关于 C 中 printf() 的混淆

Question

I'm trying to hexdump a file with following code:

#include <stdio.h>
#include <stdlib.h>
#include <string.h>
#include <ctype.h>
#define SIZE 16

void pre_process(char buffer[],int len);

int main(int argc, char **argv){
    if(argc == 2){
        char *file = argv[1];
        FILE *input = fopen(file,"r");
        char buffer[SIZE];
        char *tmp = malloc(4);
        while(!feof(input)){ 
            printf("%06X  ",ftell(input)); /*print file pos*/
            fread(buffer,1,SIZE,input); /*read 16 bytes with buffer*/
           
            for (int i=0;i<SIZE;i += 4){ /*print each 4 bytes with hex in buffer*/
                memcpy(tmp,buffer+i,4);
                printf("%08X  ",tmp);
            }
            printf("*");
            pre_process(buffer,SIZE); /*print origin plain-text in buffer. subsitute unprint char with '*' */
            printf("%s",buffer);
            printf("*\n");
        }
        free(tmp);
        fclose(input);
   }
}

void pre_process(char buffer[],int len){
    for (int i=0;i<len;i++){
        if(isblank(buffer[i]) || !isprint(buffer[i]))
            buffer[i] = '*';
    }
}

reading a slice from lord of ring,result as below: enter image description here

so, why the hex code are all the same? It looks like something wrong with printf("%08X ",tmp); thx for your help.

Answer 1

The answer lies here:

memcpy(tmp,buffer+i,4);
printf("%08X  ",tmp);

memcpy as you might already be aware, copies 4 bytes from buffer+i to where tmp is pointing to.

Even though this is done in a loop, tmp continues to hold the address of a specific location, which is never changed. The contents at that address/location in memory are updated with every memcpy() call.

In a nutshell, the house remains there only, hence the address remains the same but people change places, new people arrive as older ones are wiped out!

Also, there is plenty to improve/fix here. I recommend starting with enabling warnings by -Wall option with your compiler.

Answer 2

tmp stores the address of a buffer; that address never changes. What you want to print is the contents of the buffer that tmp points to . In this case, tmp point to a buffer of 4 char s; if you write

printf( "%08X ", *tmp );

you'll only print the value of the first element - since tmp has type char * , the expression *tmp has type char and is equivalent to writing tmp[0] .

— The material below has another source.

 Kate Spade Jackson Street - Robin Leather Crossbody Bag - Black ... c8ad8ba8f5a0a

To treat what's in those bytes as an unsigned int (which is what the %X conversion specifier expects), you need to cast the pointer to the correct type before dereferencing it:

printf( "%08X ", *(unsigned int *) tmp );

We first have to cast tmp from char * to unsigned int * , then dereference the result to get the unsigned int equivalent of those four bytes.

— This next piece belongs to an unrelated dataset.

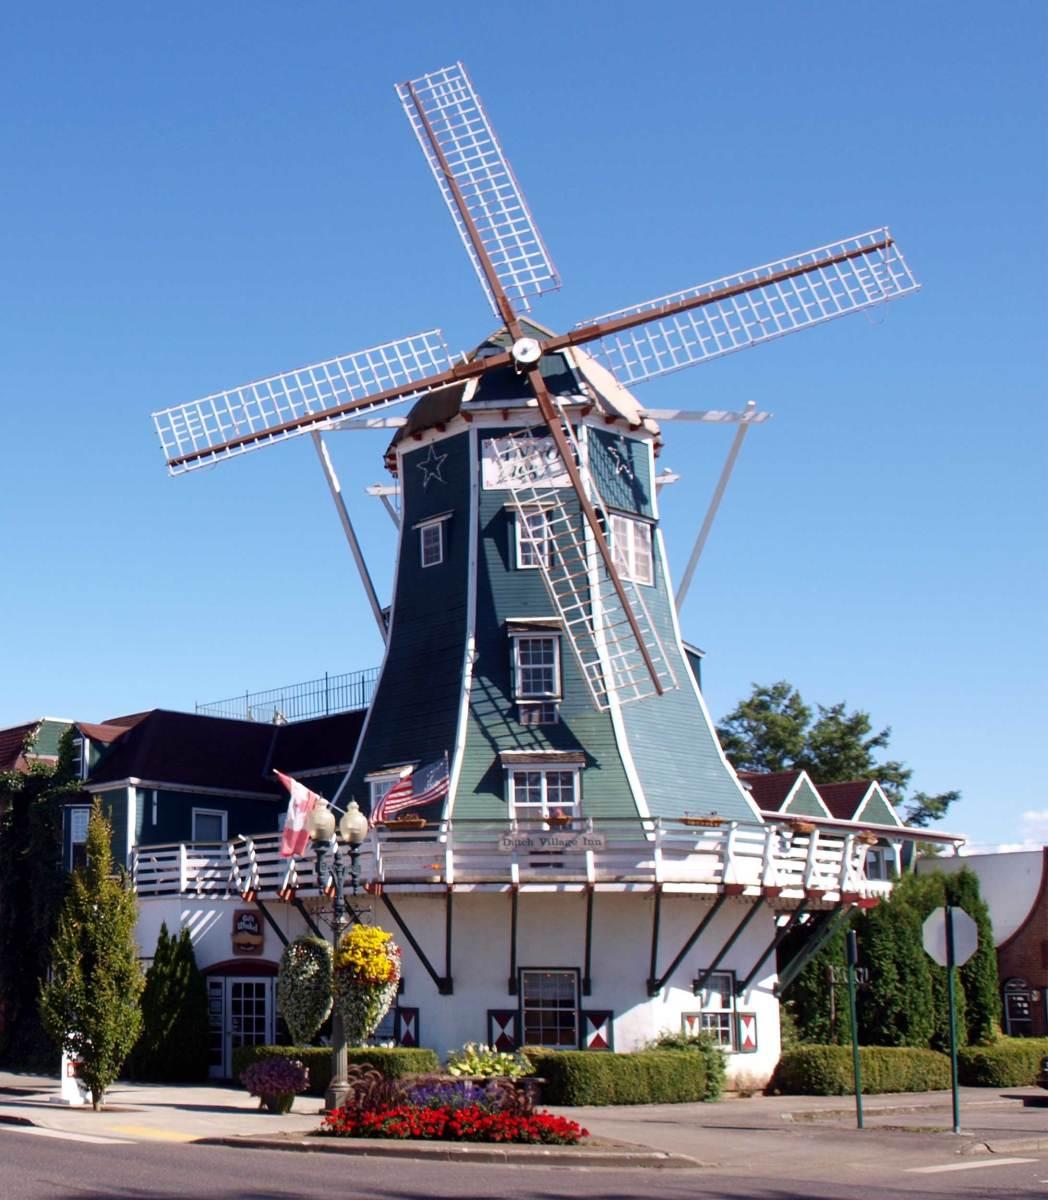 Lynden, Washington: A Quaint Dutch Town in the Pacific Northwest

This assumes sizeof (unsigned int) == 4 on your system - to be safe, you should write your malloc call as

char *tmp = malloc( sizeof (unsigned int) );

and

for ( int i = 0; i < SIZE; i += sizeof (unsigned int) )
{
  memcpy( tmp, buffer + i, sizeof (unsigned int) );
  ...
}

instead.

You should not use feof as your loop condition - it won't return true until after you try to read past the end of the file, so your loop will execute once too often. You'll want to look at the return value of fread to determine whether you've reached the end of the file.